12. Why are various health examination not included in the scope of basic medical insurance diagnosis and treatment items?
 
According to the opinions on the management of basic medical insurance diagnosis and treatment project of urban employees, the basic medical insurance diagnosis and treatment project refers to various medical technical labor projects that meet the following conditions and the diagnosis and treatment items carried out by using medical instruments, equipment and medical materials:
 
(1) The price department has formulated the charging standards;
 
(2) The clinical diagnosis is necessary, safe and effective, and the cost is appropriate;
 
(3) Within the scope of designated medical services provided by designated medical institutions for the insured.
 
Combined with the above conditions, in the appendix of the opinion "scope of national basic medical insurance diagnosis and treatment project", several non disease treatment including various health examination shall be included in the scope of the diagnosis and treatment items that are not paid by the basic medical insurance. At the same time, this provision is the continuation of the public fee and labor insurance medical policy in the past.
 

 

The physical examination is divided into general health examination and special purpose physical examination. General health examination is a general survey measure for preventive diseases organized by each employer for early detection and early treatment of diseases.
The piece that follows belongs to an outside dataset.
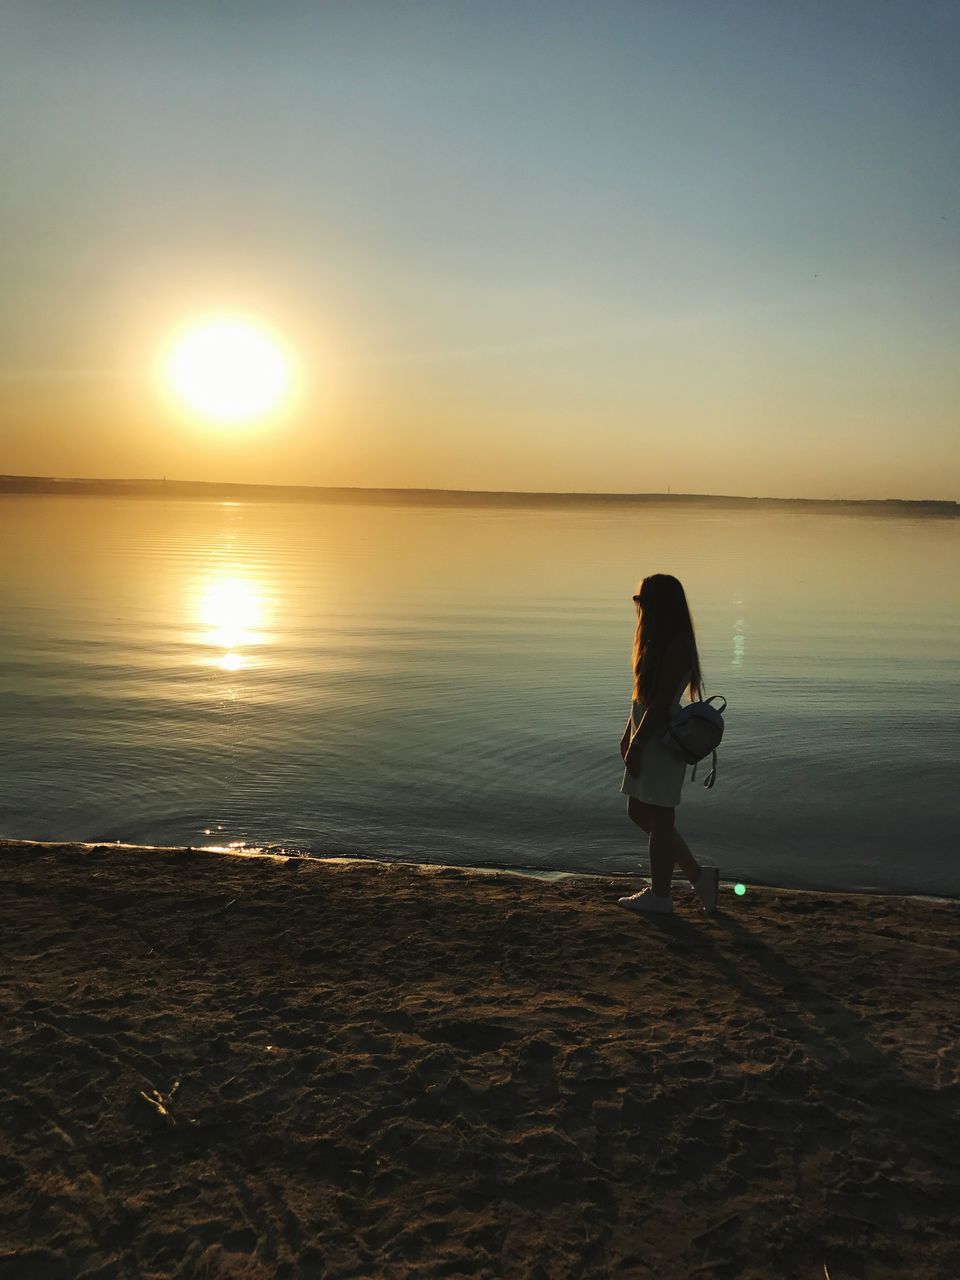 sunset, beach, nature, reflection, water, sea, sun, beauty in nature, scenics, full length, one person, tranquility, tranquil scene, sand, sky, standing, sunlight, horizon over water, leisure activity, real people, side view, silhouette, outdoors, lifestyles, women, young adult, day, people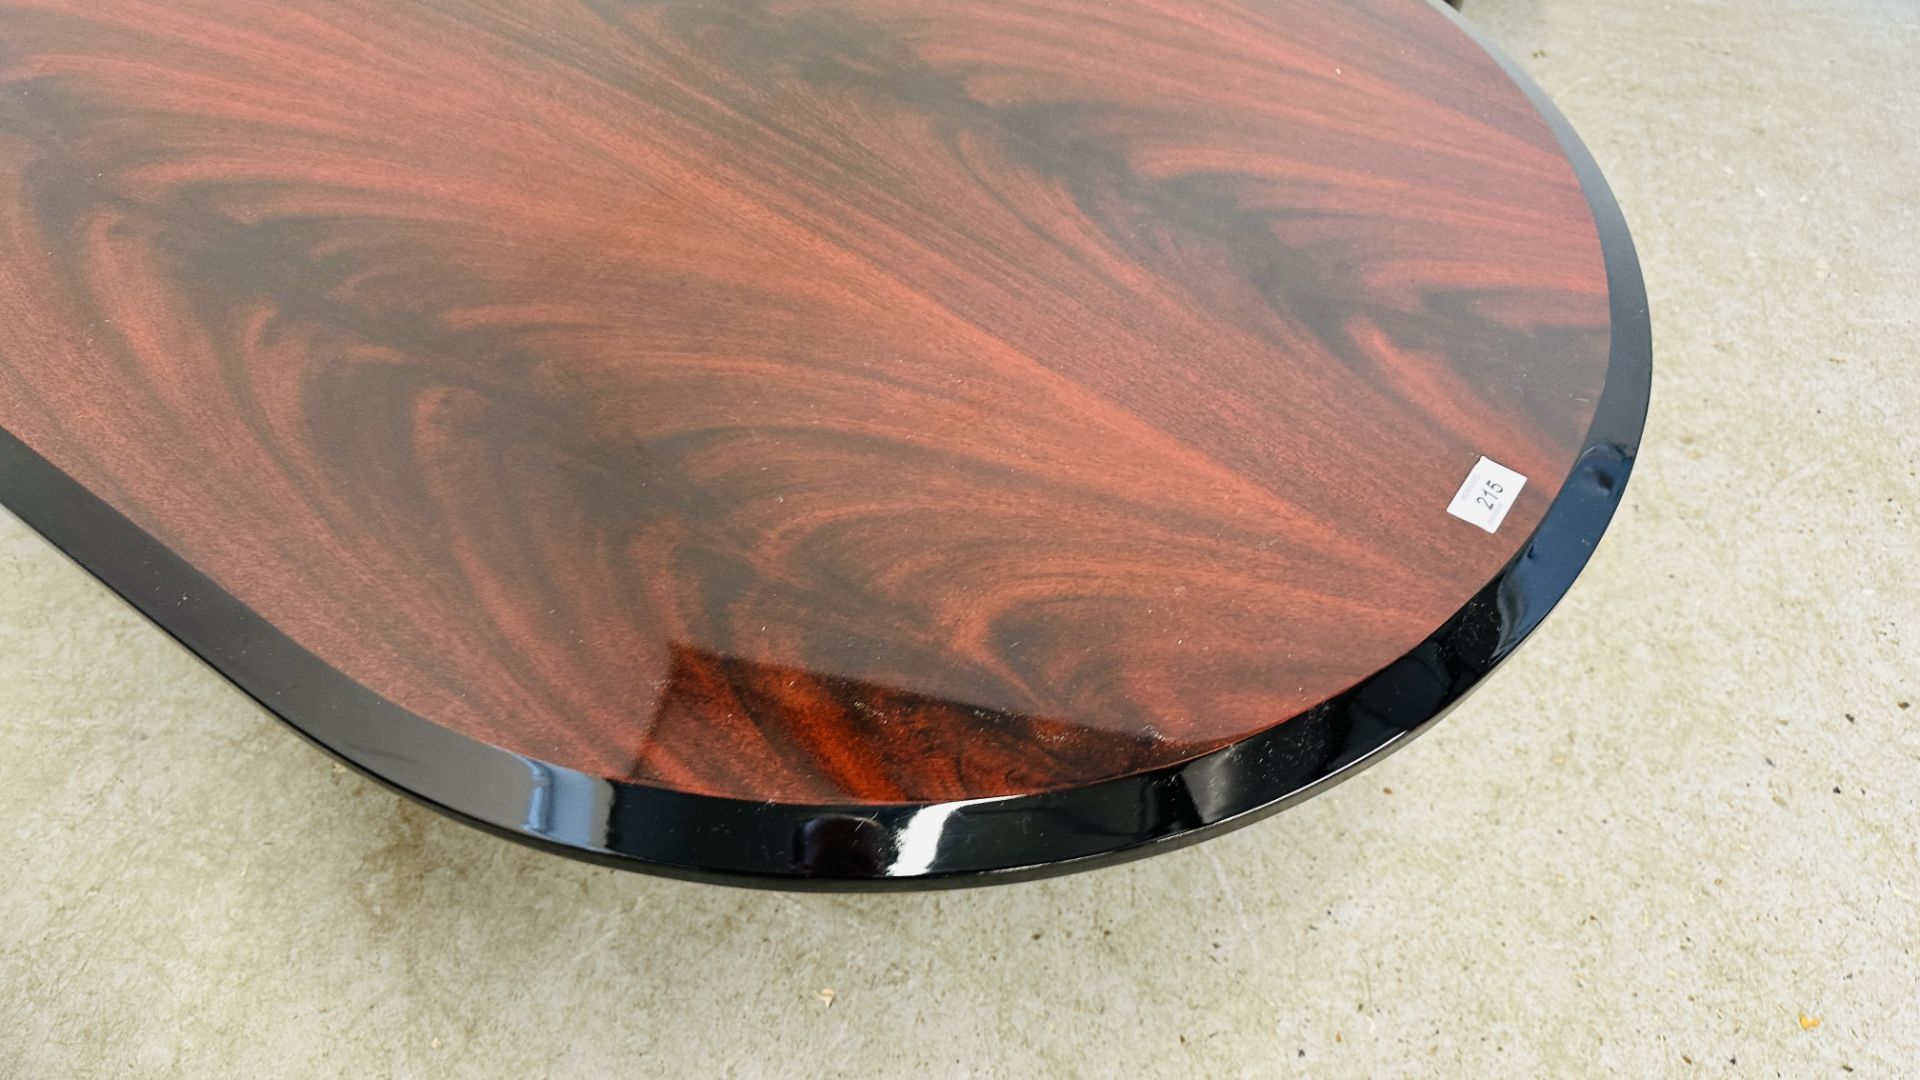 3 MATCHING DESIGN HIGH GLOSS MAHOGANY FINISH COFFEE TABLES INCLUDING A PAIR OF CIRCULAR AND 1 OVAL. - Image 7 of 16

The medical examination funds are borne by all employers and not paid in public expenses and labor insurance medical expenses; Special purpose health examination is the physical examination conducted by employees according to certain requirements, such as the physical examination conducted by employees in job hunting, going abroad, purchasing commercial medical insurance and other activities. The expenses are generally borne by individuals. Therefore, after the reform of medical insurance system, various health examination items are not included in the scope of basic medical insurance diagnosis and treatment, but the expenses for health examination organized by the units are borne by the employer; The cost of special purpose physical examination originally paid by the individual shall still be paid by the individual.